== Segment start ==

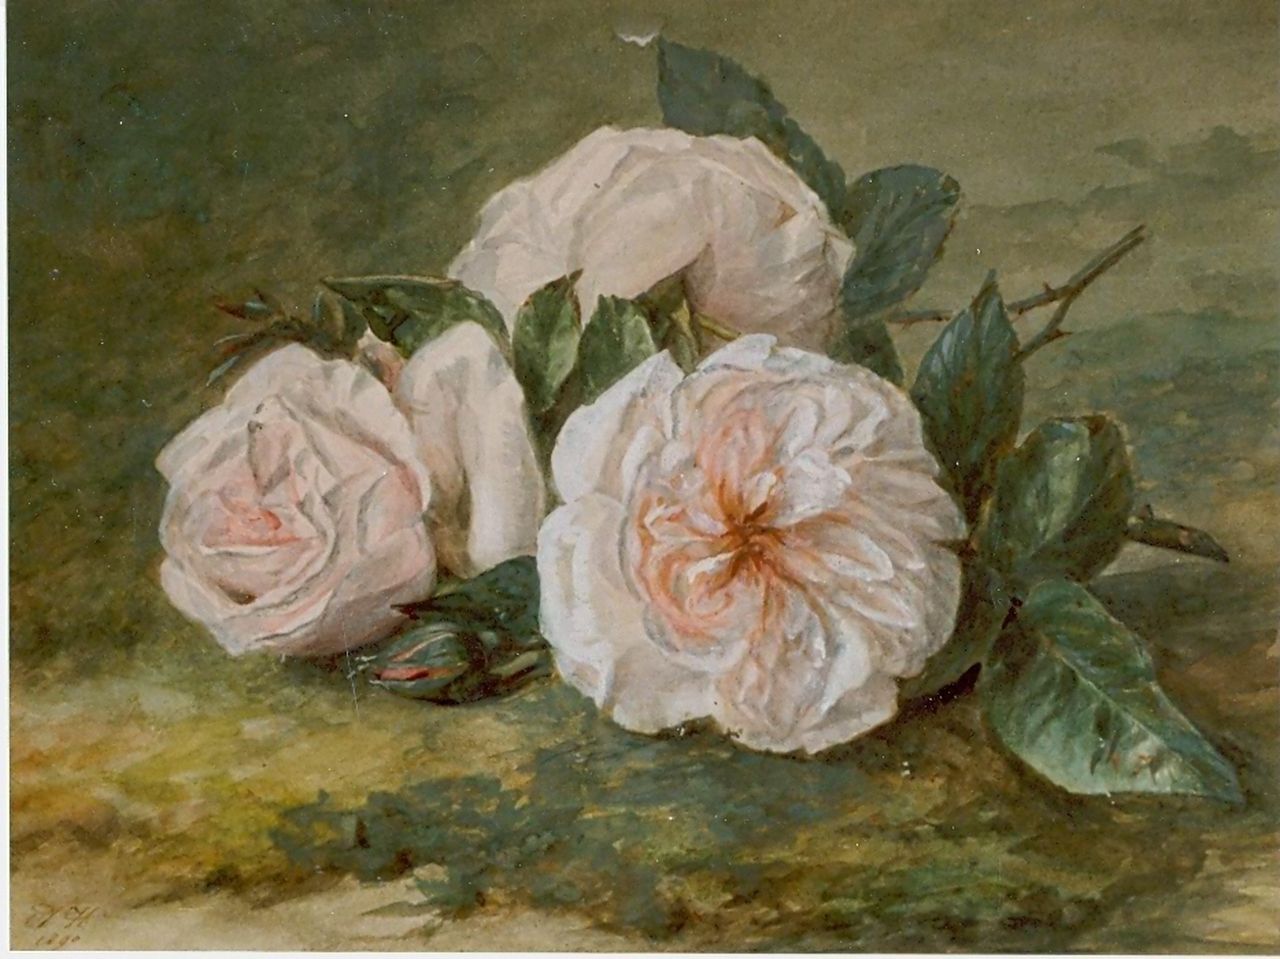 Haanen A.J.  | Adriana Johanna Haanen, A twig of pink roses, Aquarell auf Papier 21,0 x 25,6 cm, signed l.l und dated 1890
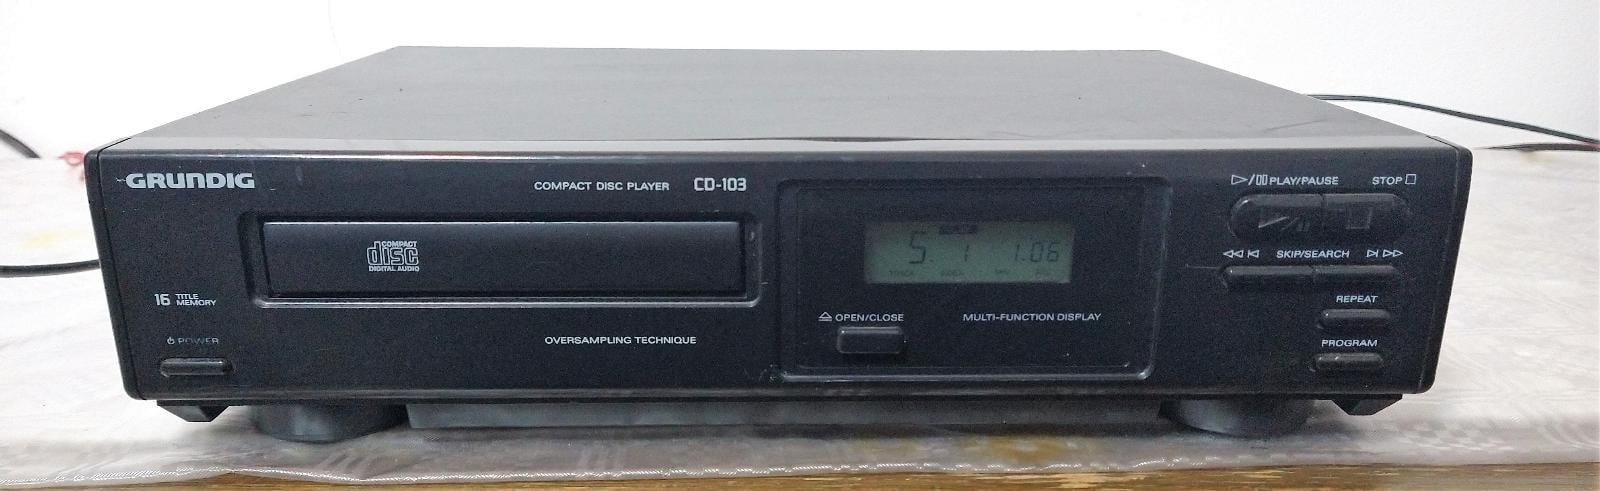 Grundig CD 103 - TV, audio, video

== Segment end ==
== Segment start ==

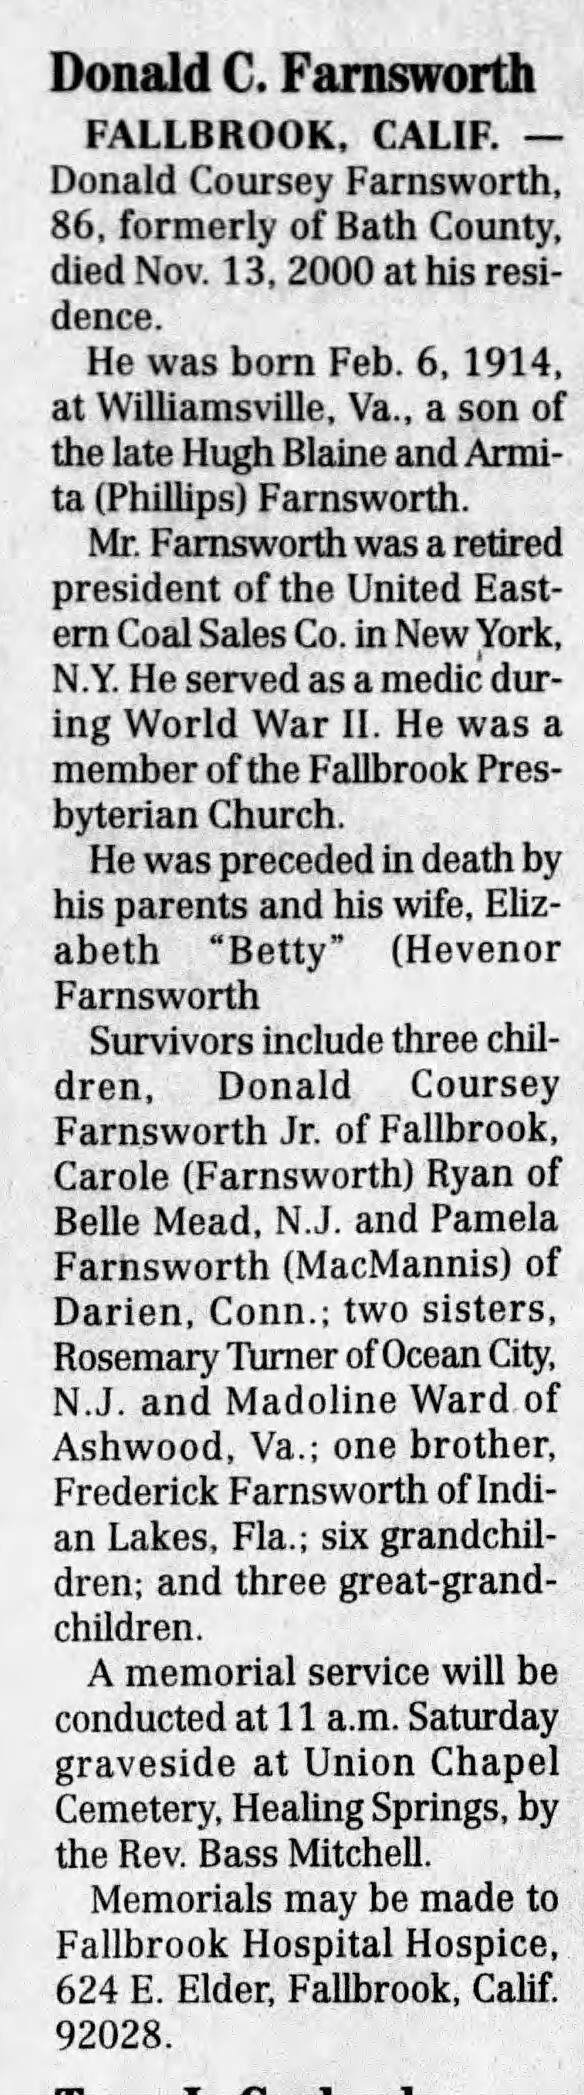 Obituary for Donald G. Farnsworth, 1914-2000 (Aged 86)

== Segment end ==

REQUIRED ACTION: The lines to copy exactly start with the line above that has "und dated 1890" and go on through the line that has "Grundig CD 103 - TV, audio, video"; please include both, add nothing else, and omit the pictures.

EXERCISE RESULT:
 Haanen A.J.  | Adriana Johanna Haanen, A twig of pink roses, Aquarell auf Papier 21,0 x 25,6 cm, signed l.l und dated 1890
 Grundig CD 103 - TV, audio, video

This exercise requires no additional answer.